AI code-generation might usher a future where TDD becomes a strict requirement for software development. In that future, code quality will only be relevant for tests.

Let’s do a thought experiment.

Hallucinations

AI generated code kinda sucks.

It’s often messy, buggy, over-complicated or just simply incorrect. You need to be super careful with it, double check every line it produces. Troubleshooting bugs is a huge pain with generated code.

This is a shame because the efficiency is undeniable: I doubt that the average dev can produce code at a similar speed that your Copilot/GPT thing can.

Of course, speed is not everything, but we all want to be more productive.

How can we take advantage of the AI’s ability to generate code quickly while ensuring the code actually works, and does so as expected/required?

If only there was an approach to software development that could guarantee the behavior of a piece of code…

Testing

What if we add AI to the TDD cycle?

I write a little test, the AI produces code to make it pass.

I write another little test, the AI makes both pass, either adapting current code or generating new one.

This way, there’s at leas one thing we could always be certain of: the generated code makes the tests pass.

Given enough quality tests, this would allow us to ensure the system’s behavior.

This is not far away from conventional TDD: You just don’t write (or read) production code. You treat it as a black box and only focus on the tests.

Evolution

Take two equally capable developers: Peter and John.
Similar experience, similar skills.

Peter uses the previously described TDD+AI approach while John doesn’t.

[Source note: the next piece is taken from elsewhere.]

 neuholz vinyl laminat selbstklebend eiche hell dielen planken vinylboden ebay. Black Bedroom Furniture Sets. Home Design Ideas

While only writing tests, Peter would produce working software that is guaranteed to behave as expected (so far as the tests correctly describe its behavior). This obviously can be done in less time than the alternative, he is only writing tests.

John faces a difficult choice: either use AI and embrace its quirks or avoid it altogether. While the former might seem faster at first, he could soon find himself spending more time fiddling around with generated code than actually writing it.

Avoiding AI altogether will be significantly slower than Peter’s with the possible exception of just not writing tests at all, which wouldn’t be a fair comparison and has plenty of other downsides.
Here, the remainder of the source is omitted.